Northgate's argument that it should be treated as a "gratuitous bailee" of the scissor lift and, therefore, could not be held liable absent gross or wanton negligence, is raised for the first time on appeal and, thus, is not properly before this Court (see Ponce-Francisco v. Plainview-Old Bethpage Cent. School Dist., 83 A.D.3d 683, 920 N.Y.S.2d 406).
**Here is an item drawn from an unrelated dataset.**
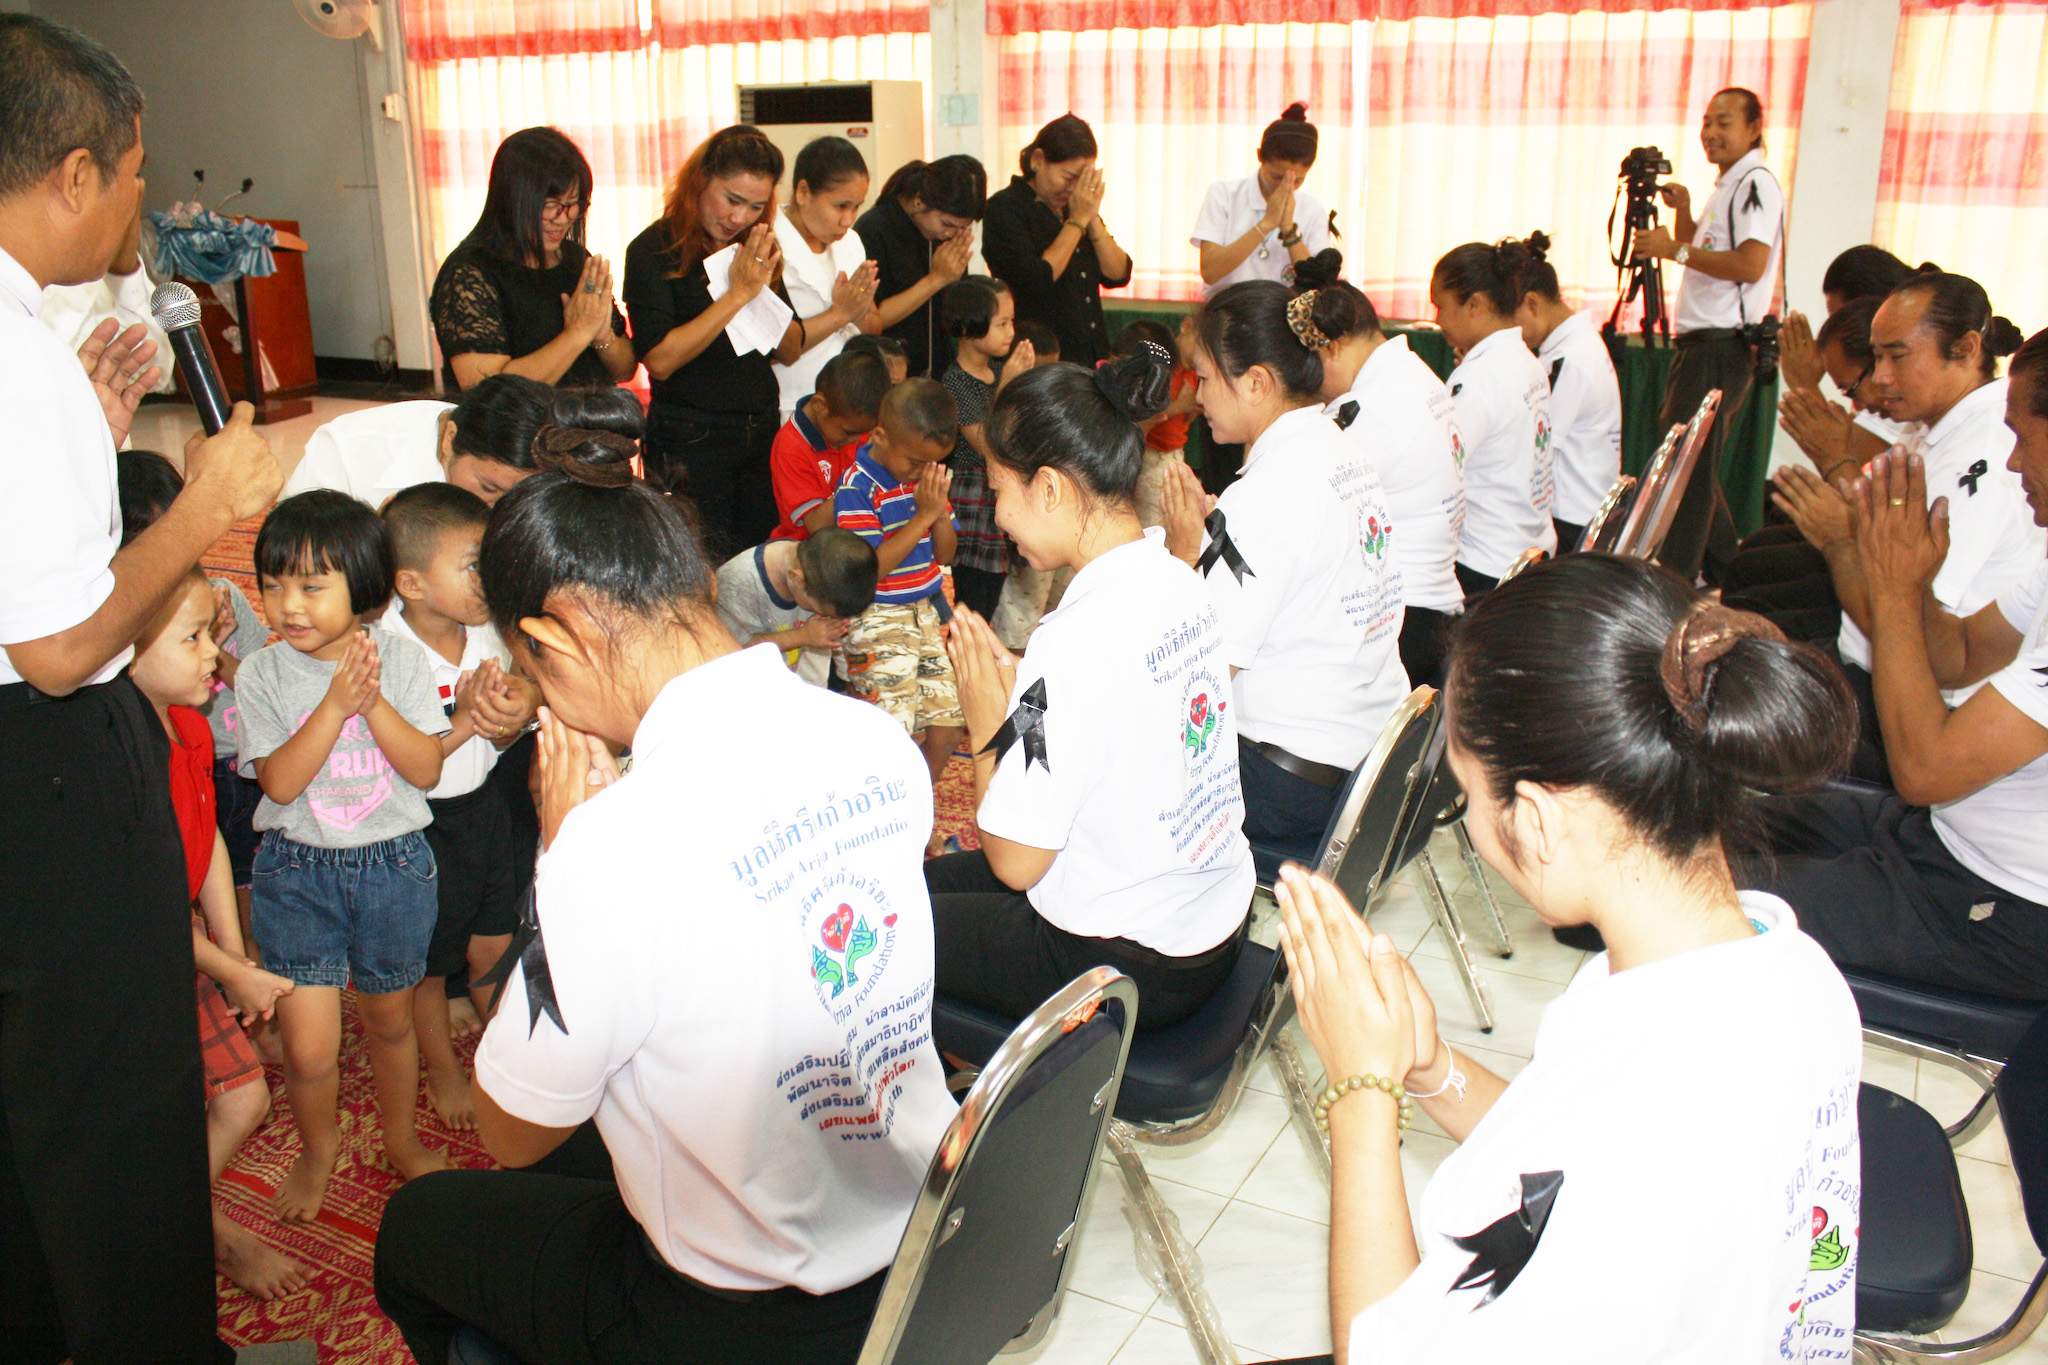 โครงการช่วยเหลือเด็กกำพร้า  วันที่ 21 ตุลาคม 2559  ณ สถานสงเคราะห์เด็กบ้านแคนทอง  อ.เมือง จ.ขอนแก่น

However, Northgate met its initial burden of demonstrating entitlement to judgment as a matter of law dismissing the causes of action alleging violations of Labor Law Secs. 240(1) and 241(6) insofar as asserted against it by establishing that it was not an owner, a general contractor, or a statutory agent under those provisions (see LaRosa v. Internap Network Servs. Corp., 83 A.D.3d 905, 921 N.Y.S.2d 294; Hall v. Smithtown Cent. School Dist., 82 A.D.3d 703, 917 N.Y.S.2d 690). In opposition, the plaintiff failed to raise a triable issue of fact. Accordingly, the Supreme Court should have granted that branch of Northgate's cross motion which was for summary judgment dismissing the Labor Law Secs. 240(1) and 241(6) causes of action insofar as asserted against it.

The parties' remaining contentions are without merit.